The algorithms and displays presented herein are not inherently related to any particular computer or other apparatus. Various general purpose systems can be used with programs in accordance with the teachings herein, or it can prove convenient to construct a more specialized apparatus to perform the method. The structure for a variety of these systems will appear as set forth in the description below. In addition, the present disclosure is not described with reference to any particular programming language. It will be appreciated that a variety of programming languages can be used to implement the teachings of the disclosure as described herein.
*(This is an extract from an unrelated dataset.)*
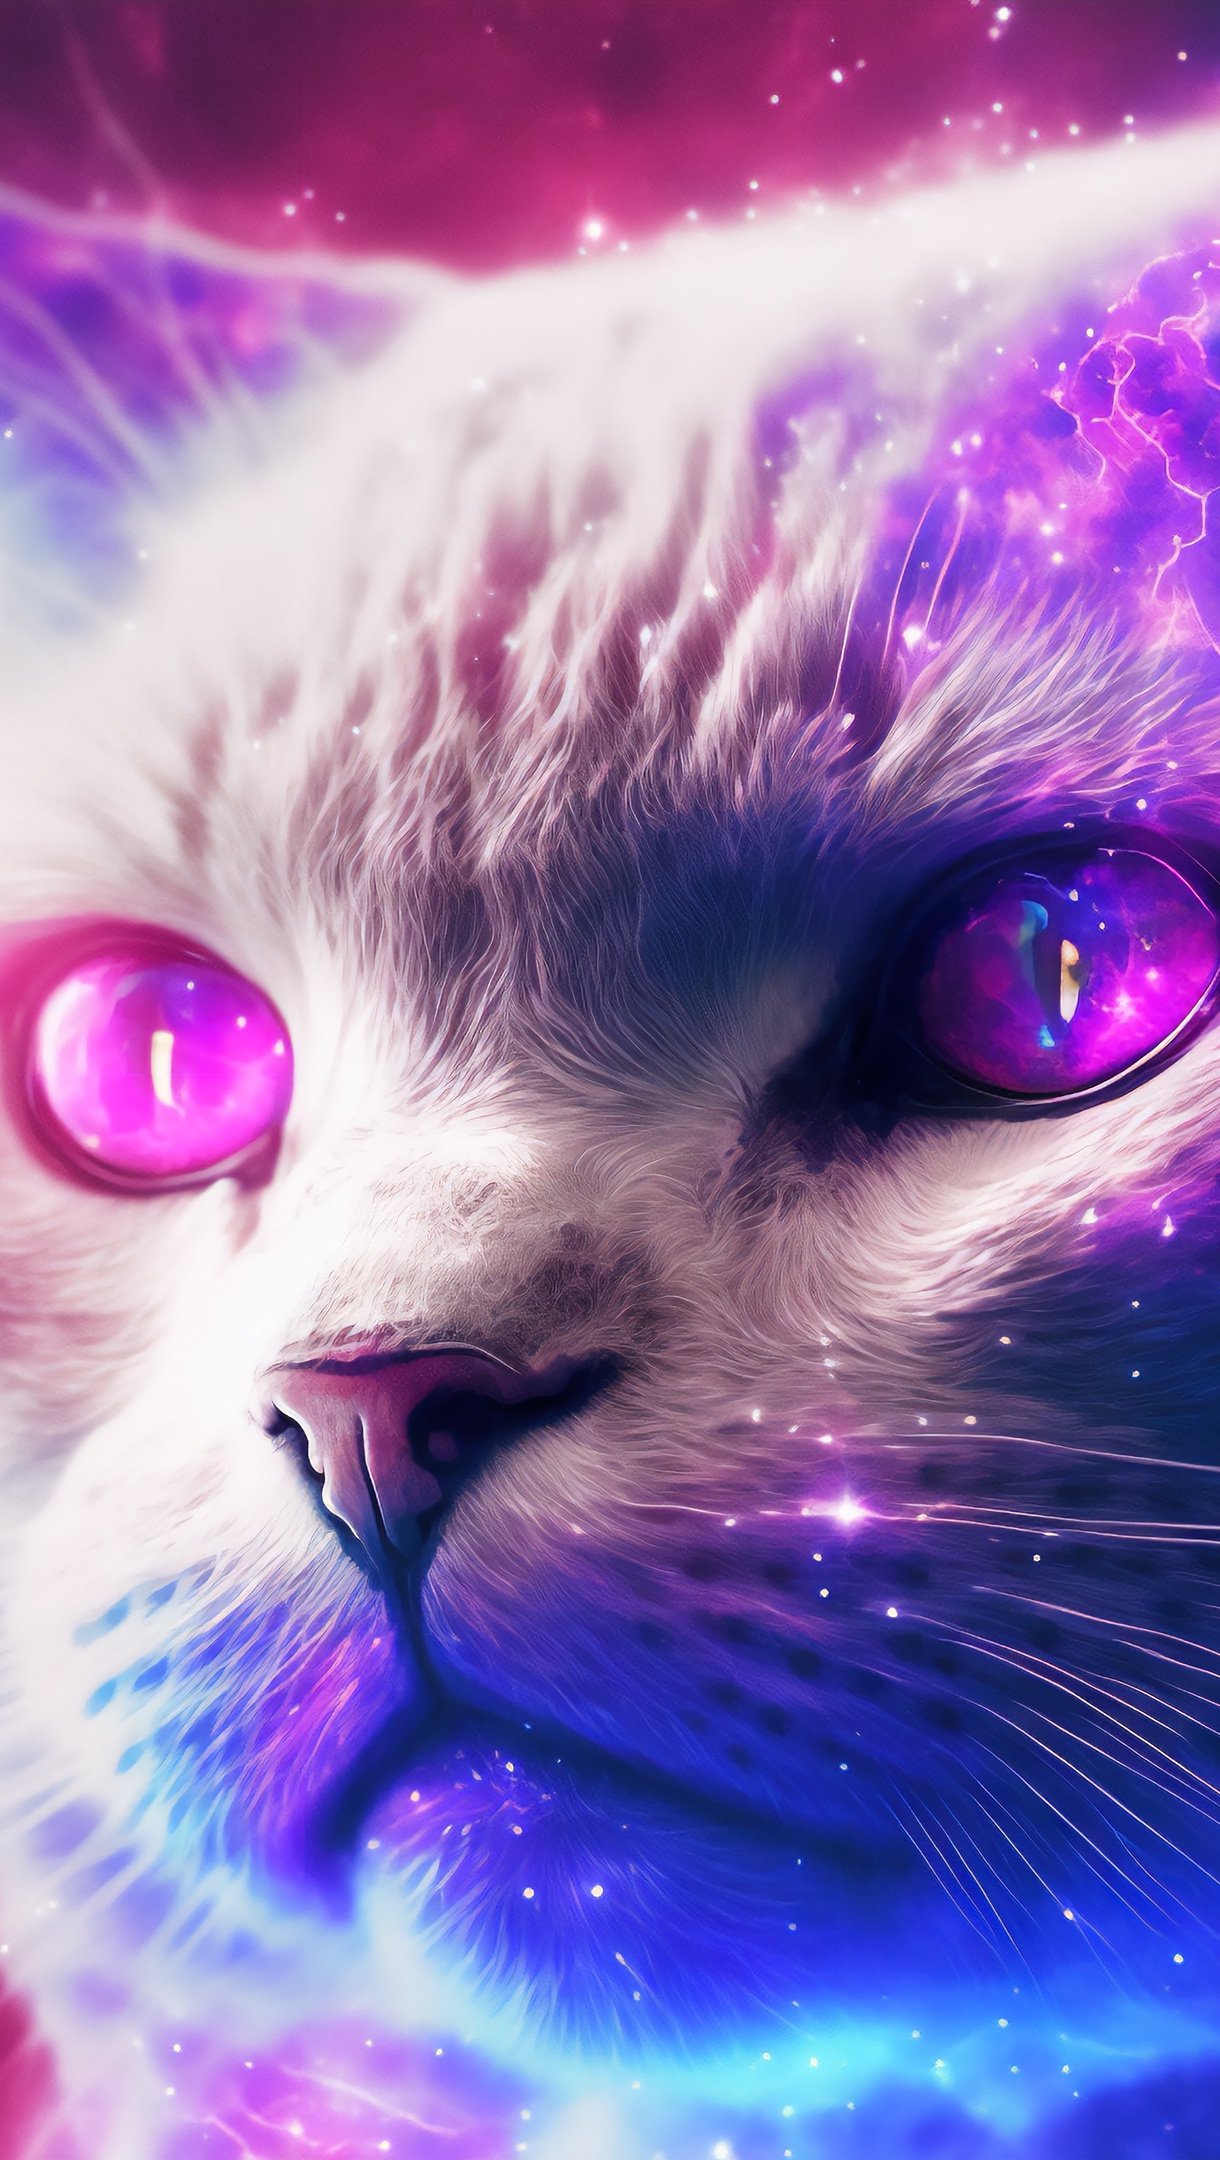 Fondos de pantalla Ilustración de gato con galaxia Vertical

The present disclosure can be provided as a computer program product, or software, that can include a machine-readable medium having stored thereon instructions, which can be used to program a computer system (or other electronic devices) to perform a process according to the present disclosure. A machine-readable medium includes any mechanism for storing information in a form readable by a machine (e.g., a computer). In some embodiments, a machine-readable (e.g., computer-readable) medium includes a machine (e.g., a computer) readable storage medium such as a read only memory (“ROM”), random access memory (“RAM”), magnetic disk storage media, optical storage media, flash memory components, etc.

In the foregoing specification, embodiments of the disclosure have been described with reference to specific example embodiments thereof. It will be evident that various modifications can be made thereto without departing from the broader spirit and scope of embodiments of the disclosure as set forth in the following claims. The specification and drawings are, accordingly, to be regarded in an illustrative sense rather than a restrictive sense.